食料品の値上げラッシュの中、2008年の減反が強化


[米減反]08年も難航気配…農水省などが「背水の陣」
----略-----
 「結果が出なければ新たな農政展開が崩れる。失敗は許されない」。今月12日、農水省で開かれた地方農政局長会議で、白須敏朗事務次官はこう発破をかけた。

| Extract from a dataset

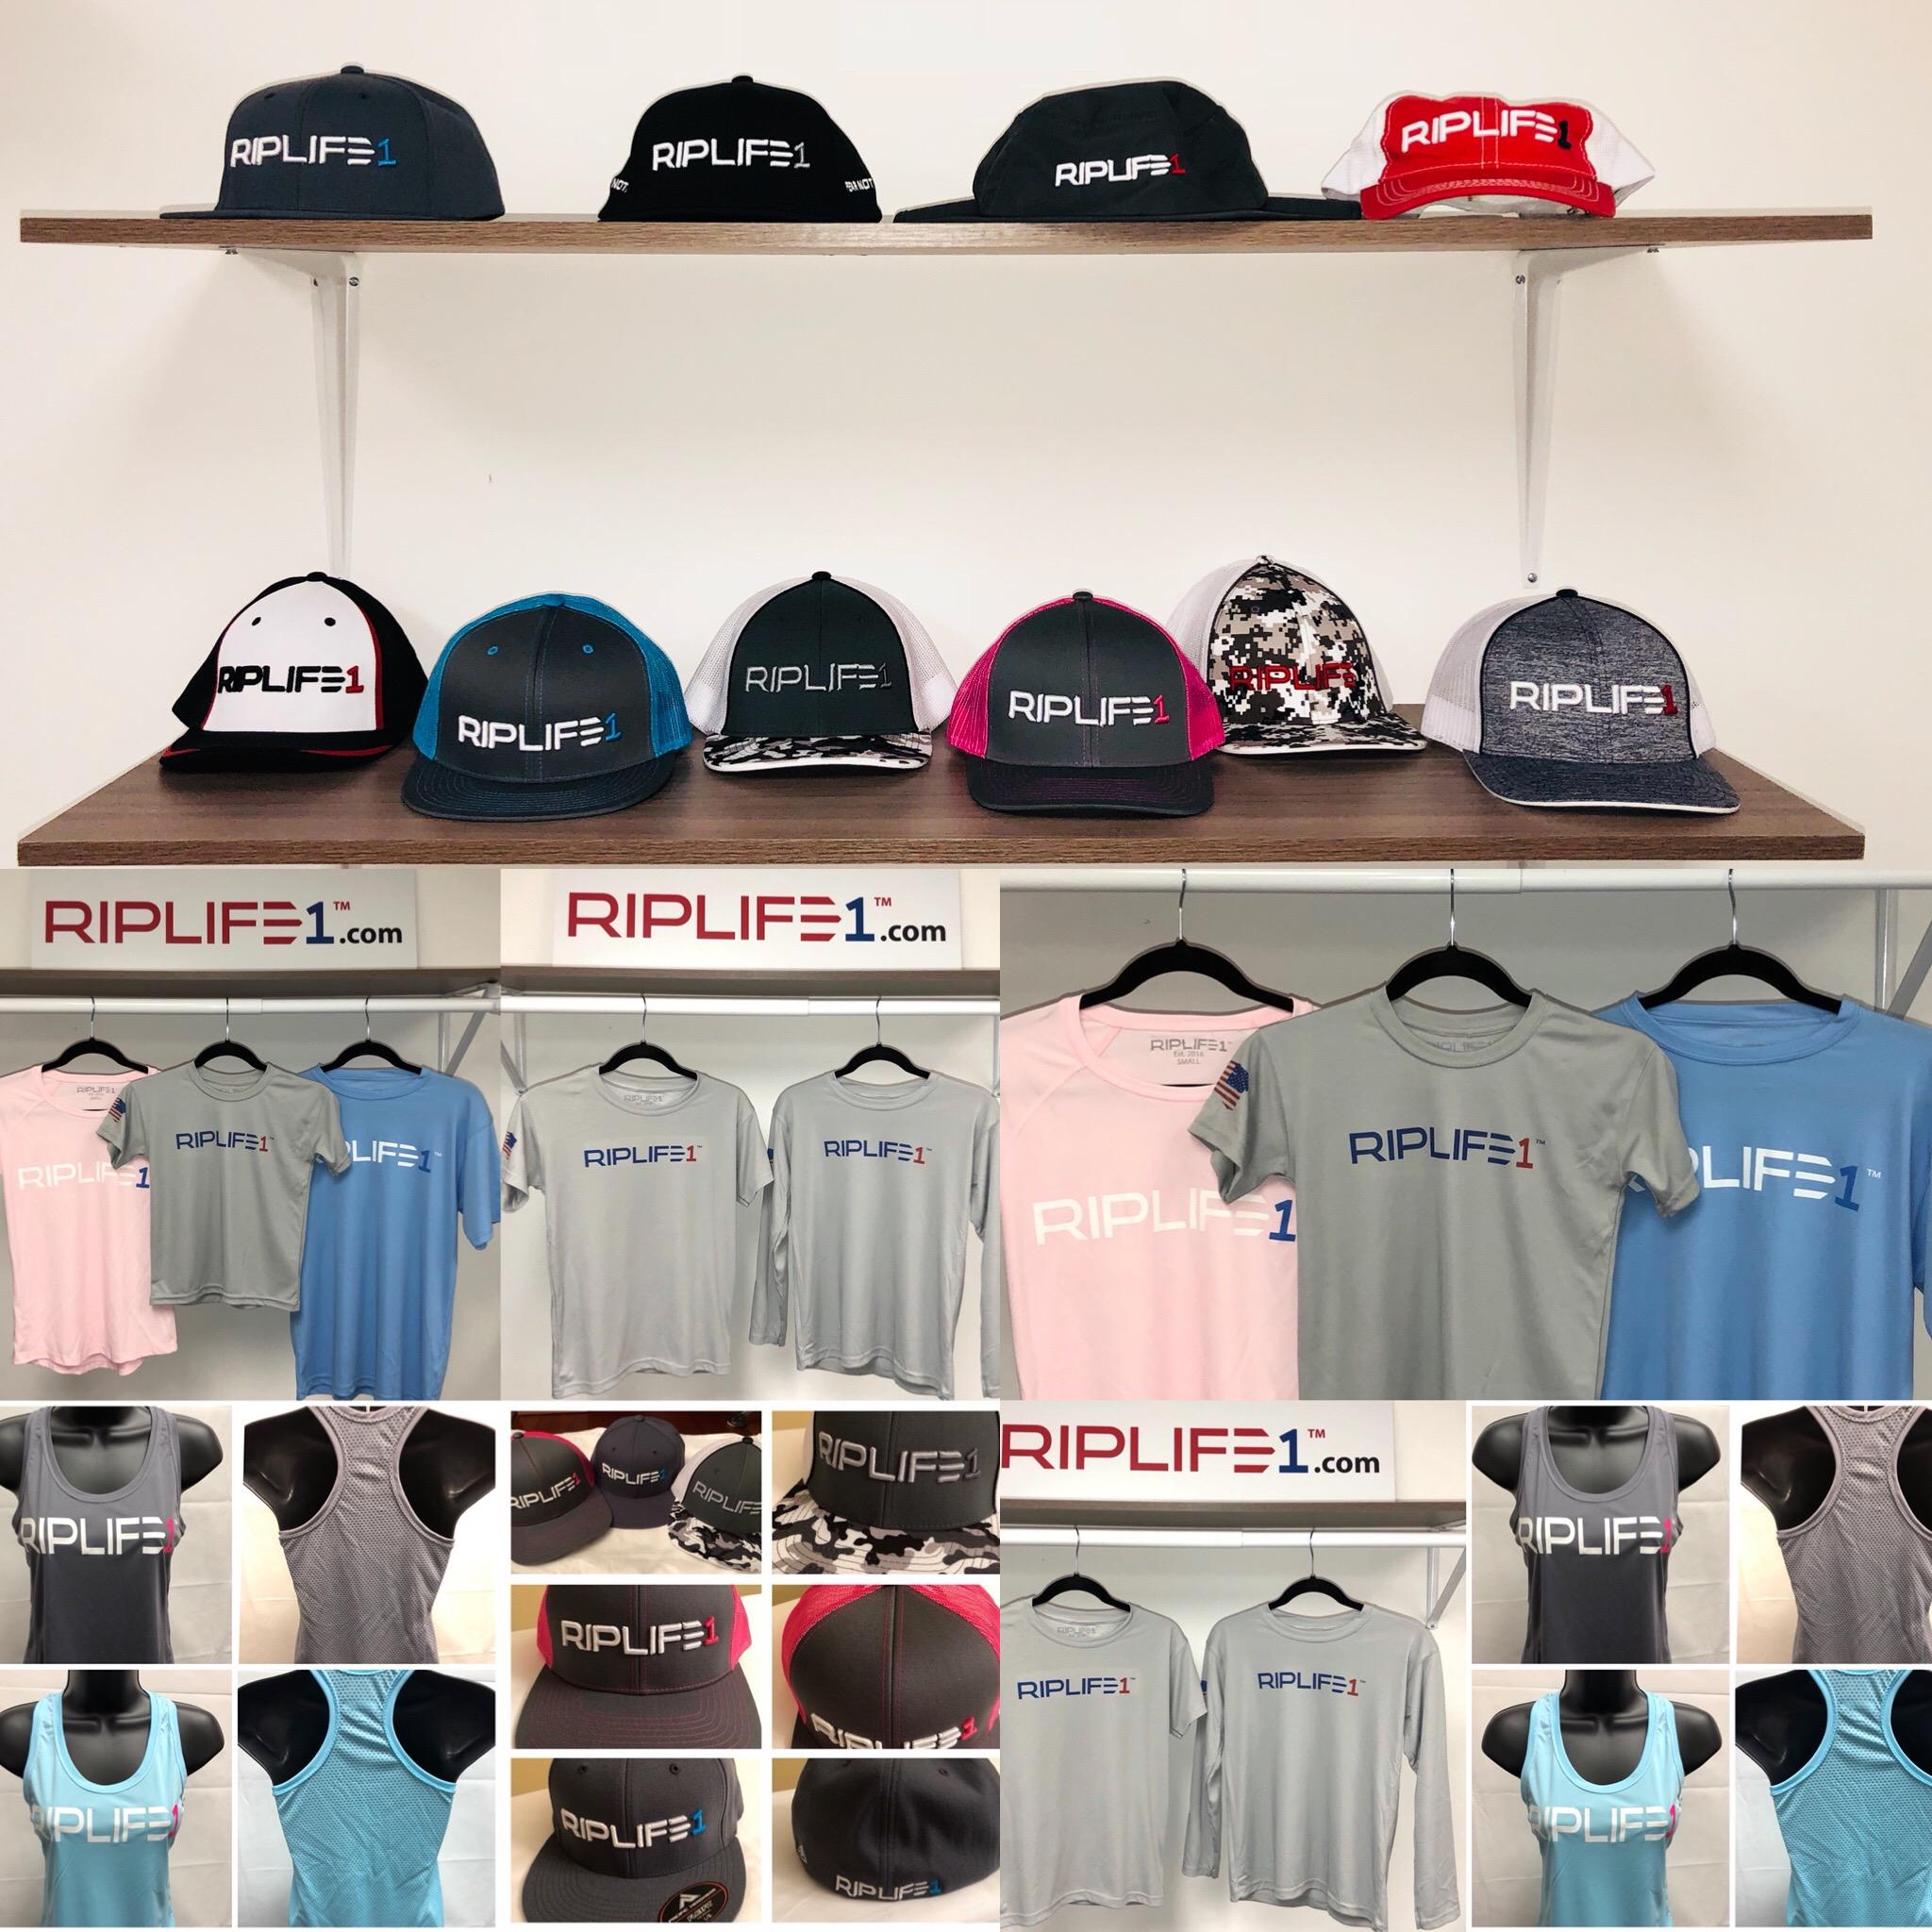 RIPLIFE1

 08年産米の生産目標数量は前年の生産実績より39万トン少ない815万トン。これを達成するには作付面積を10万ヘクタールも減らさなければならない。同省は昨年12月、生産調整を実施した農家への支援と実施しなかった地域に対するペナルティーを盛り込んだ対策強化を決定。年末には農協系以外も含めた関係団体と「目標達成のための合意」を結んだ。年明けからは幹部が地方を回り、協力を呼びかけた。
----略-----
 また、コメ作りの段階ごとに農協や市町村がきめ細かい対策を講じる。作付け前は、生産調整を拡大すれば支援を受けられることを農家に説明し実施を促している。作付け後に過剰が分かったら青刈りや主食用以外への転換を求める。集荷段階では、目標数量を超えたコメは価格に差をつける場合もあるとしている。
----略-----
<生産調整実施者への支援>

・生産調整を拡大し5年間続ける農家に10アール当たり3万~5万円の一時金

・非主食用米の低コスト生産に取り組む農家に10アール当たり5万円の一時金

<目標未達成地域へのペナルティー>

・産地づくり交付金(転作助成金)の受給などで不利な扱いの可能性

毎日jpより引用 全文はこちらをどうぞ

夕飯を食べながらテレビを見ていたら、
食料品価格の値上げラッシュの特集をしていた。
今年も減反が増加する。
食料自給率40%を切る日本では減反目標を達成することに躍起になっているが、自給率100%前後のEUでは穀物需給逼迫で強制減反を廃止。